54 was released in the United States on August 28, 1998, by Miramax. Prior to its release, the film was extensively reshot and recut, and then released to poor critical reaction but a somewhat respectable box office. In 2008, a bootleg version of the director's cut was screened at Outfest, leading to interest for its release. In 2015, Christopher and Miramax premiered a new edit of the film at the Berlin International Film Festival, with 45 minutes of original material restored and 30 minutes of studio re-shoots removed.

Plot

Theatrical version
In the summer of 1979, 19-year-old Irish-American filling station attendant Shane O'Shea lives in Jersey City, New Jersey with his widowed, conservative father Harlan and two younger sisters Grace and Kelly. Shane longs for a more glamorous life across the river in New York's Manhattan, so one night he talks his two friends into going to Studio 54, a disco nightclub. Once inside, Shane is exposed to the flashy, hedonistic world of 54, with unbridled alcohol, drugs, and open sex. Against his father’s wishes, Shane returns to 54 the next night and is hired by Steve as a busboy. Shane eventually moves out of his family's house in Jersey City after fighting with his father over his new job, and moves in with Greg and Anita in Manhattan.

After a short time bussing tables, Shane gets promoted to bartender with the help of a club regular Billie Auster, a customer who has a one-night stand with Shane. Shane's promotion causes tension with Greg as Greg feels that he didn't get the job because he wouldn't let Steve perform oral sex on him. Shane gains status and does an interview article/beefcake photo shoot for Interview Magazine, uses drugs, and sleeps with multiple women as he makes a name for himself. After a while, Shane begins to feel as if people only want him for sex.

Shane’s fame also affects his relationships with his friends and family. Greg, who now deals drugs on the side for extra money, criticizes Shane for his conceited attitude on Christmas Eve and accuses him of trying to sleep with Anita after catching him making a pass at her once before at their apartment. Shane’s father Harlan, whom he hasn’t seen or spoken to since he moved to New York City, rejects him when he comes home to visit on Christmas Day after a female family friend who got into 54 one night informs Harlan that she saw Shane doing drugs there. However, Shane does experience some brief happiness during the holidays when he strikes up a short-lived romance with his celebrity crush (and fellow New Jerseyan) Julie Black, a soap opera starlet determined to succeed in the film industry.

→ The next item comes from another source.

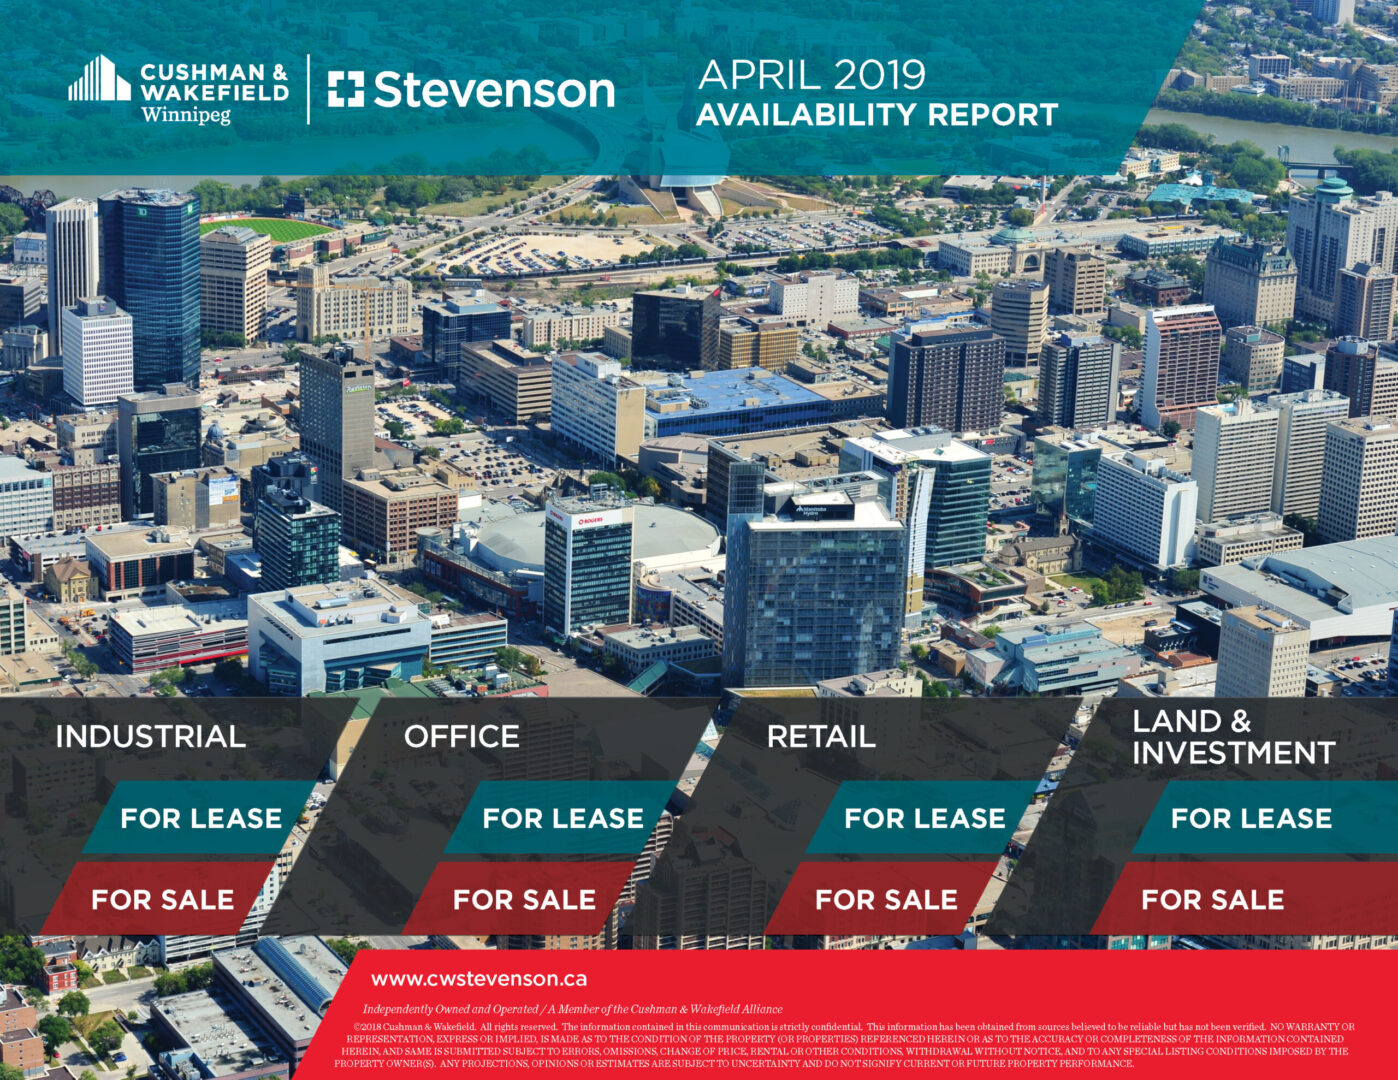 April 2019 availability report in winnipeg, cws cushman wakefield Stevenson
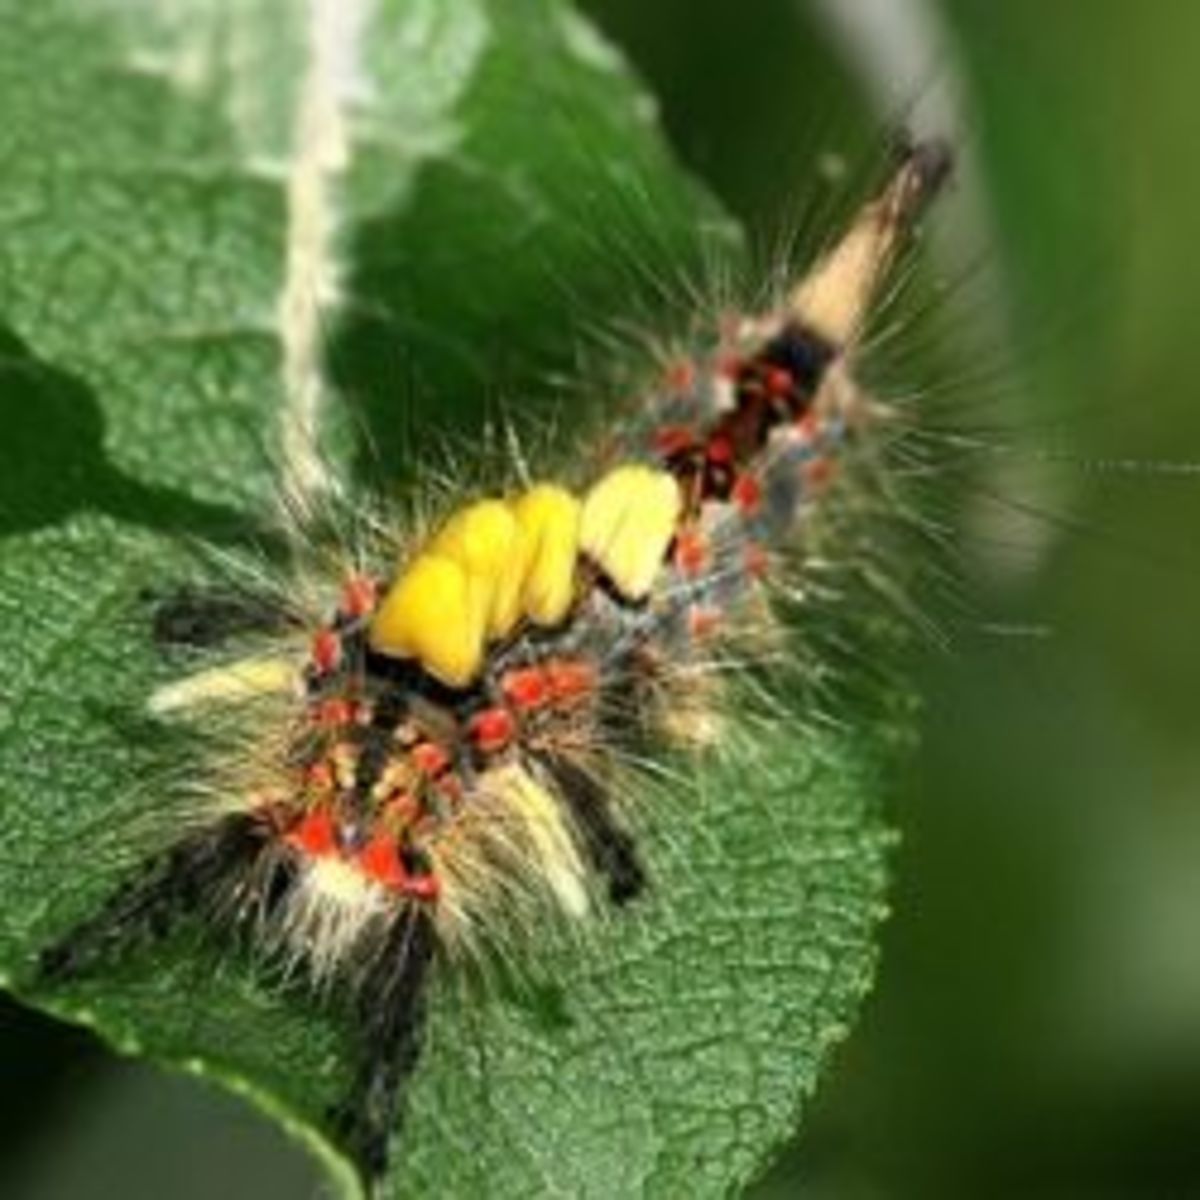 A caterpillar of Orgyia antiqua

Shane discovers Julie with Roland Sachs, an agent that she plans to sleep with, causing Shane to reject her. In his anger, Shane gets into a fight with Steve. Steve fires Shane and has him thrown out of the club. Simultaneously, the FBI raids 54 and arrests Steve, as he’s been skimming money from the club’s nightly take. As Shane leaves 54 in disgrace, Julie passes by him, and they part ways but agree to remain friends.

An epilogue reveals the fates of the main characters. Julie moves to Hollywood and gets a small part in a movie. Anita records a moderately successful album with Casablanca Records and Greg gets a job in construction after six months' probation for dealing drugs at 54. Shane works nights as a restaurant manager in Greenwich Village and takes business classes at NYU during the day. Steve is convicted and sentenced to 18 months in jail, causing 54 to close as a result; upon release, he is forced to sell 54 but remains as a consultant under the new management. Greg and Anita reunite at the newly reopened 54, where Steve is hosting a one-night welcome-back party for all of his old friends and employees after his release from prison. Ultimately, 54 closes permanently in 1986, and Steve dies of AIDS in 1989 at age 45.

Director's cut additions
The director's cut opens with a new narration of the movie's original opening as Shane is seen leaving 54 after being thrown out on New Year’s Eve. Shane’s narration from the theatrical version is eliminated.

Shane is openly bisexual. In a moment of confusion, he kisses Greg in the VIP room on Christmas Eve. Shane then has sex with Anita in the ladies’ room after she and Greg have a fight. Anita sees Steve watching them. She hits Shane in the stomach and runs out of the ladies' room in shame.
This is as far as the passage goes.